- Born: Sarah Louise Joseph
- Education: University of Sydney
- Occupation: Human rights scholar

= Sarah Joseph (legal academic) =

Australian human rights scholar

Sarah Louise Joseph is an Australian human rights scholar. She was Director of the Castan Centre for Human Rights Law at Monash University from 2005-2019. She is now Professor of Human Rights Law at Griffith Law School.

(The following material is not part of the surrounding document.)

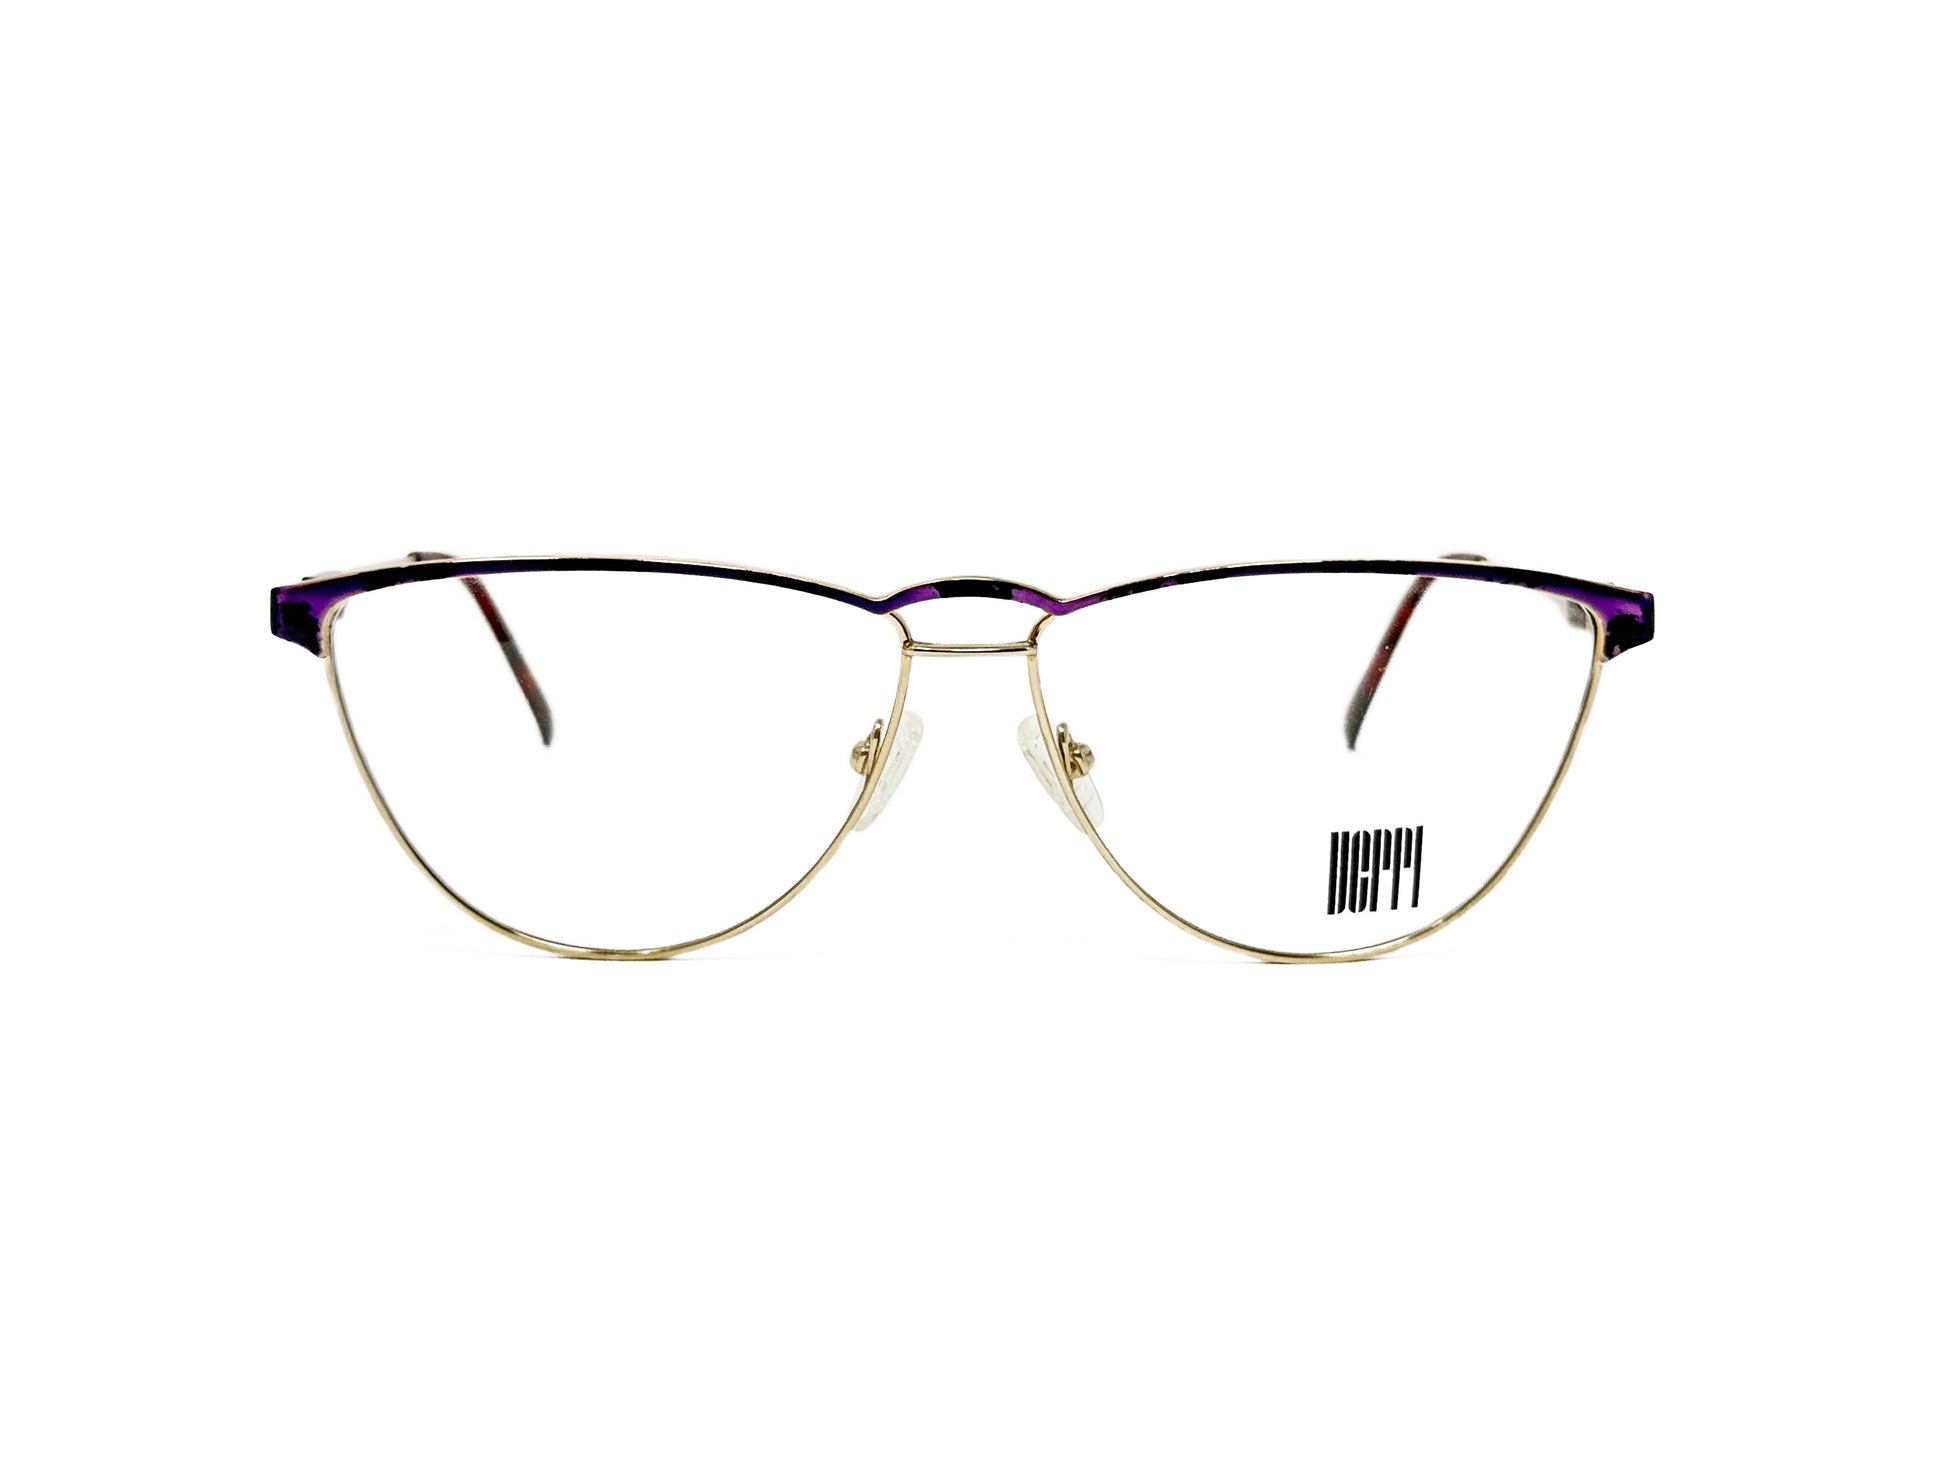 Derri rounded-triangular, metal, optical frame. Model: 9702. Color: G-W - Gold violet. Front view.

==Early life and education==
Joseph holds a Bachelor of Arts and a Bachelor of Laws from the University of Sydney, a Master of Laws from the University of Cambridge, and a Ph.D. in Law from Monash University.

==Career==
Joseph is a legal academic and commentator, specialising in the areas of human rights and constitutional law. She has published Corporations and Transnational Human Rights Litigation (Hart 2004), and co-authored The International Covenant on Civil and Political Rights: Cases, Commentary and Materials (OUP, 2nd ed, 2004), Federal Constitutional Law: A Contemporary View (Thompson, 2nd ed, 2006), A Handbook on the Individual Complaints Procedures of the UN (OMCT, 2006), The International Covenant on Civil and Political Rights: Cases, Commentary and Materials (OUP, 3rd ed, 2013), and Federal Constitutional Law: A Contemporary View (Thompson, 5th ed, 2019).